Does Wasmtime supporting Wasm GC guarantee Kotlin/Wasm memory will always be reclaimed promptly?

No. Wasm GC support means the runtime can manage GC-backed Wasm objects, but reclamation still depends on whether objects are unreachable. If your host keeps roots alive, collection cannot free them.

Why does creating a new Store often fix GC heap out of memory errors?

A fresh Store creates a clean lifetime boundary. When the store is dropped, host-visible roots tied to that store also disappear, allowing all associated guest state to be reclaimed. This is why per-request or per-batch stores often stabilize memory usage.

How can I tell whether this is a Wasmtime bug or a host embedding leak?

Build a minimal reproduction with no caching and a short-lived store. If memory stays stable there but grows in your full application, the cause is likely your embedding lifecycle.
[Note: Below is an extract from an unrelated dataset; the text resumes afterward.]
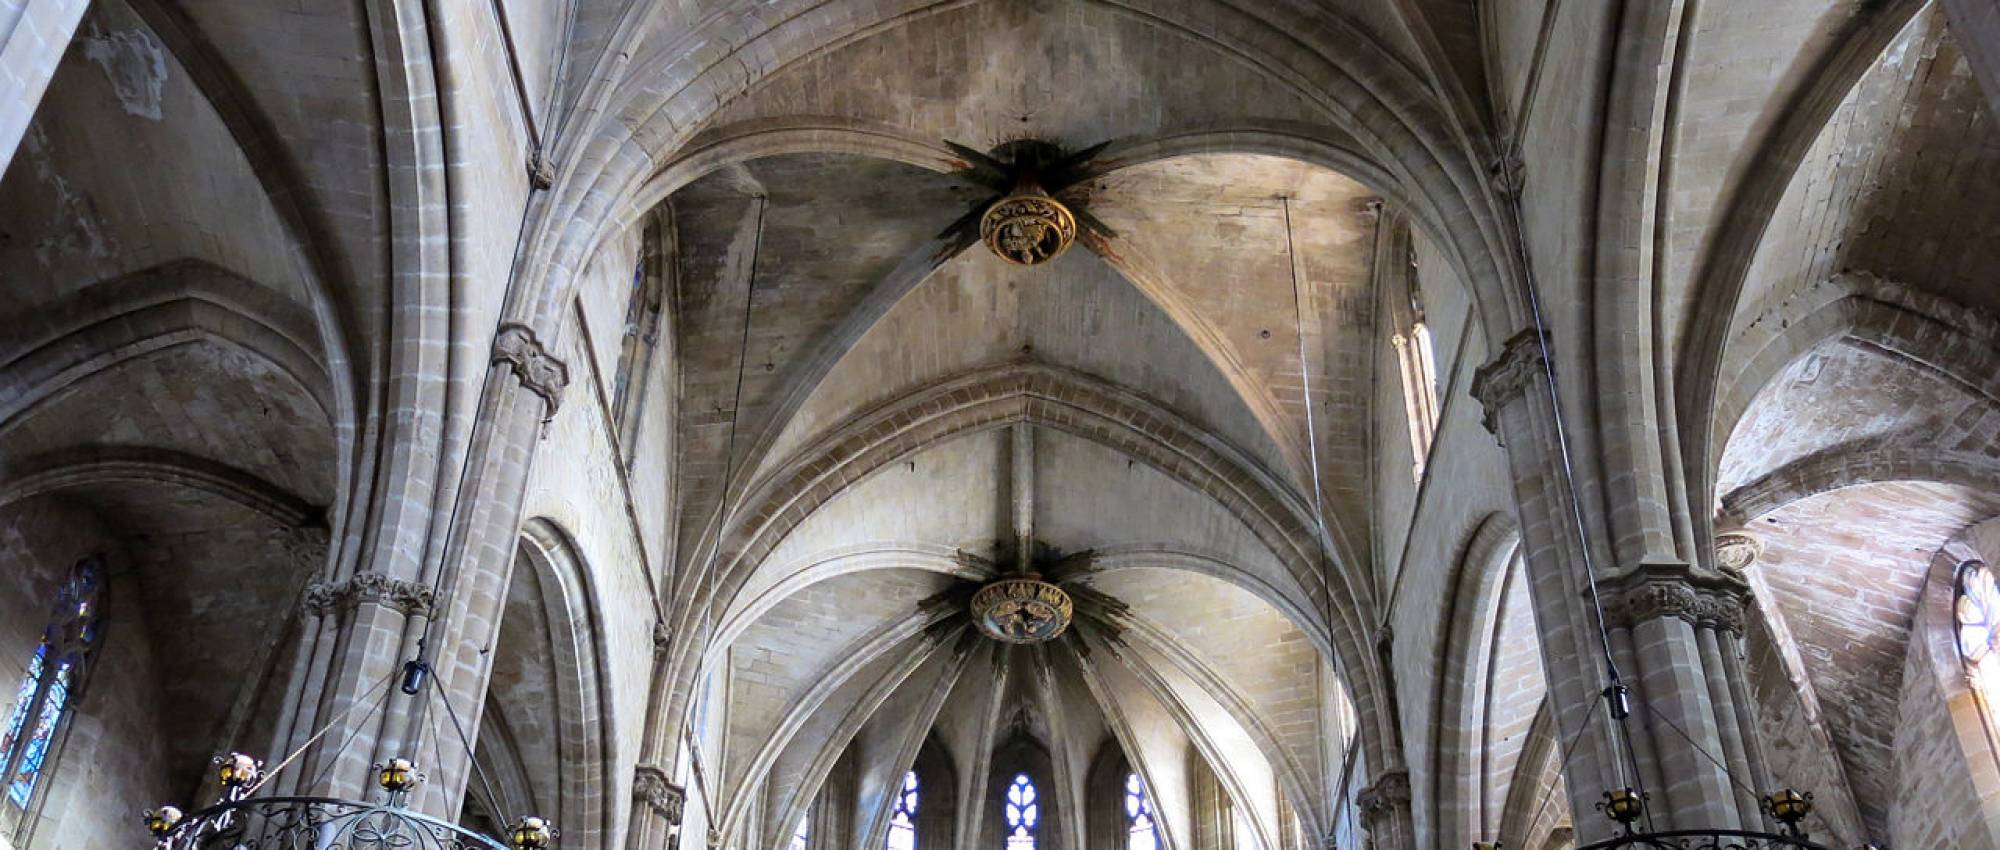 Nave central de la catedral de Sta. Maria de Tortosa. Enric / Wikimedia Commons. CC BY-SA 3.0
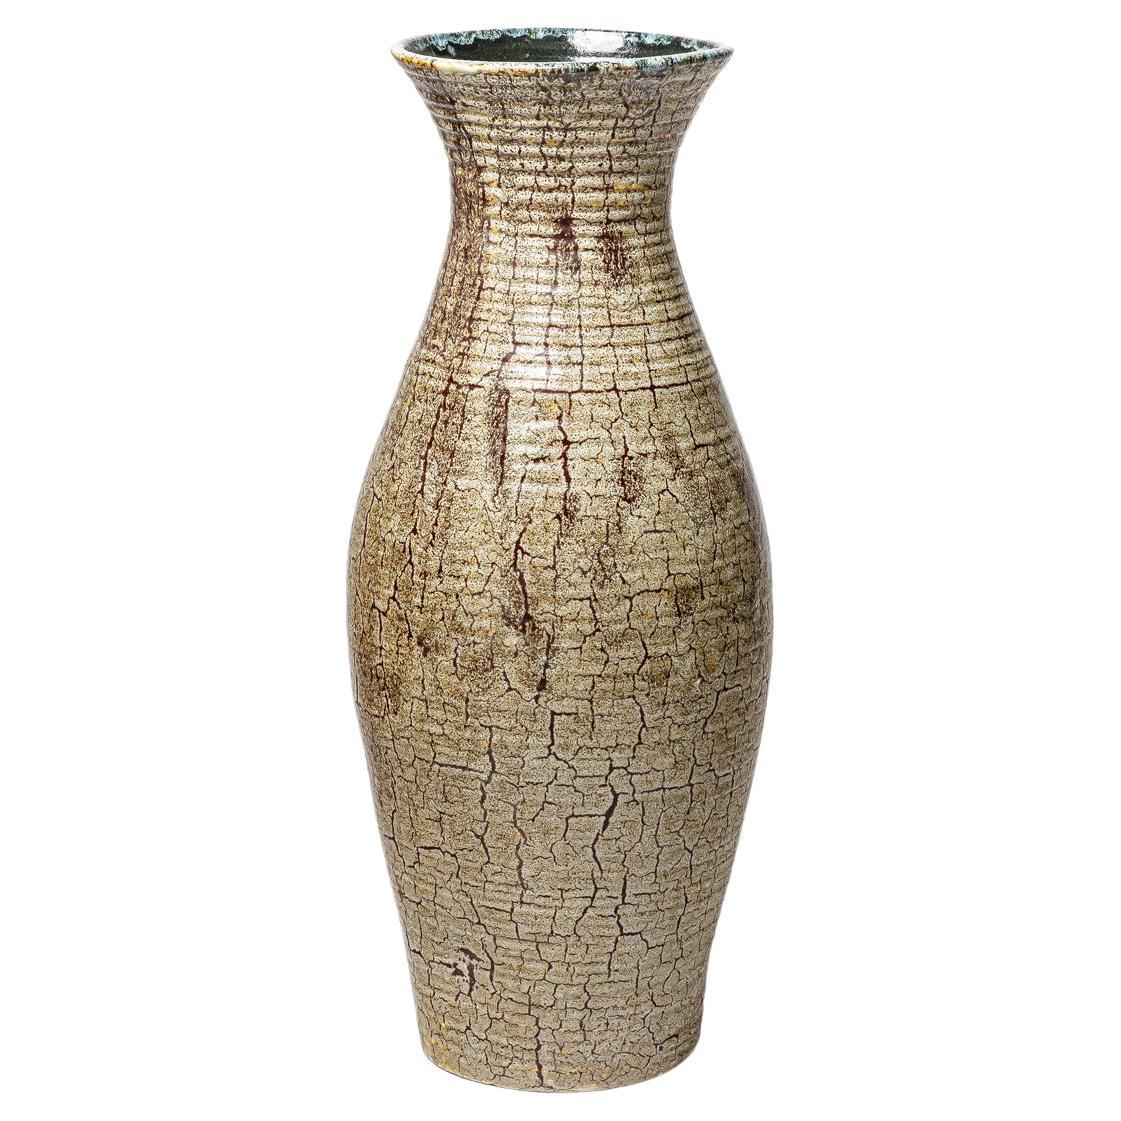  Vase en grès émaillé Brown par Accolay, vers 1960-1970. en vente

If the minimal reproduction still fails on a current Wasmtime version, open an issue with the reduced test case and environment details.

The practical takeaway is simple: Wasm GC is reachability-based, not magic. In Kotlin/Wasm embeddings, the most reliable fix for GC heap out of memory is to shorten the lifetime of stores, instances, and exported handles, and to eliminate host-side retention of guest references wherever possible.